La recherche portait sur une question qui dépasse largement le seul domaine de la science du vin : que devient une bouteille de vin effervescent lorsqu’elle reste sous l’éclairage d’un magasin avant l’achat par un client ? Pour les producteurs, les détaillants et les importateurs, les résultats mettent en évidence un risque concret pour le secteur des boissons, car même un dommage léger lié à la lumière peut affecter la qualité perçue et entraîner des coûts évitables, des pertes de stock ou des changements dans les pratiques de mise en bouteille et de présentation.

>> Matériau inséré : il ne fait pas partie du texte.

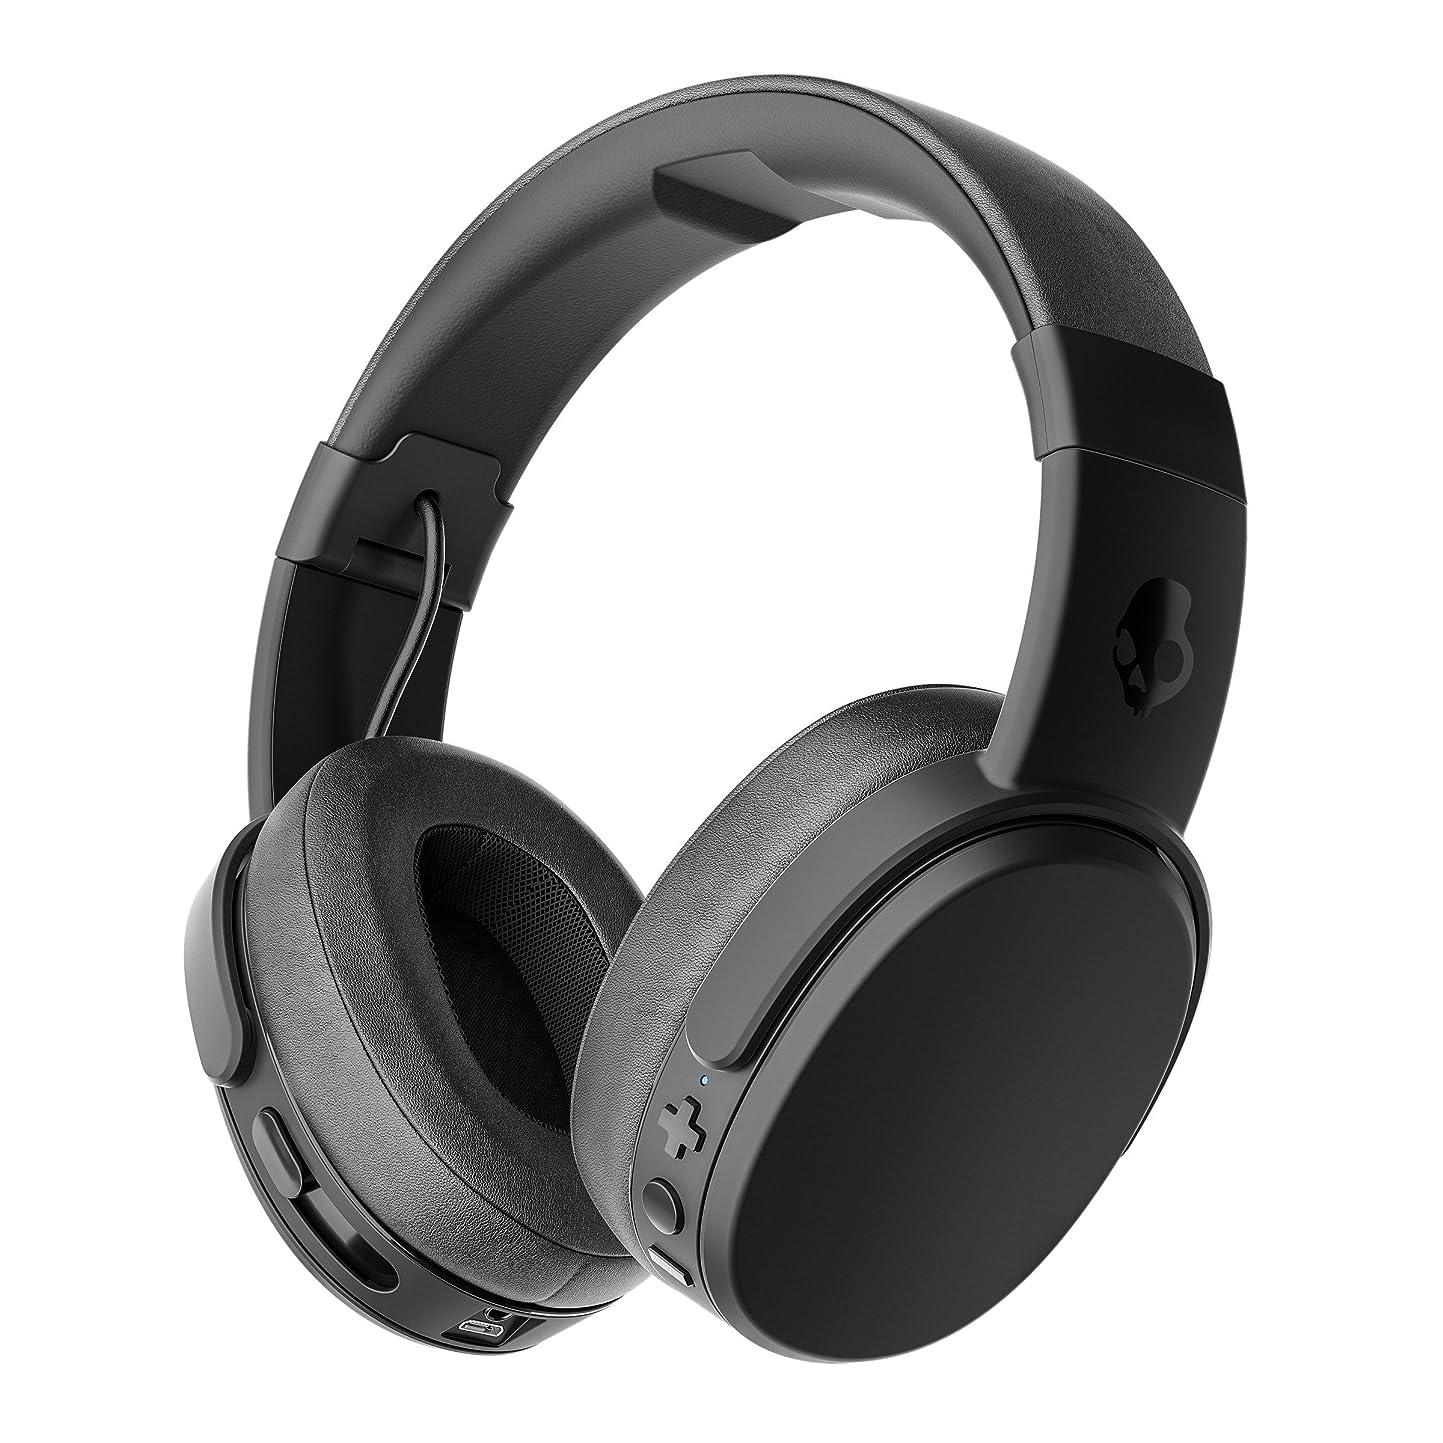 わかりやすいカルシウムシリアルSkullcandy Crusher Wireless ワイヤレスヘッドホン Bluetooth対応 BLACK A6CRW-K591(S6CRW-K591)【国内正規品】 オリジナルステッカー付

Les auteurs, Zsófia Laposa, József Balla, Károly Héberger et Ernő Keszei, ont indiqué que les études sensorielles menées jusqu’à présent ont surtout examiné le moment où le défaut classique de goût de lumière devient détectable. Ce défaut est généralement associé à des composés soufrés susceptibles de donner aux vins blancs et aux vins effervescents des notes rappelant l’oignon, le chou, l’ail ou l’œuf pourri. Dans cette étude, l’équipe s’est intéressée à un stade plus précoce, avant l’apparition de ces arômes de déviation bien marqués, afin de déterminer si les dégustateurs et l’analyse chimique pouvaient détecter des changements d’arôme.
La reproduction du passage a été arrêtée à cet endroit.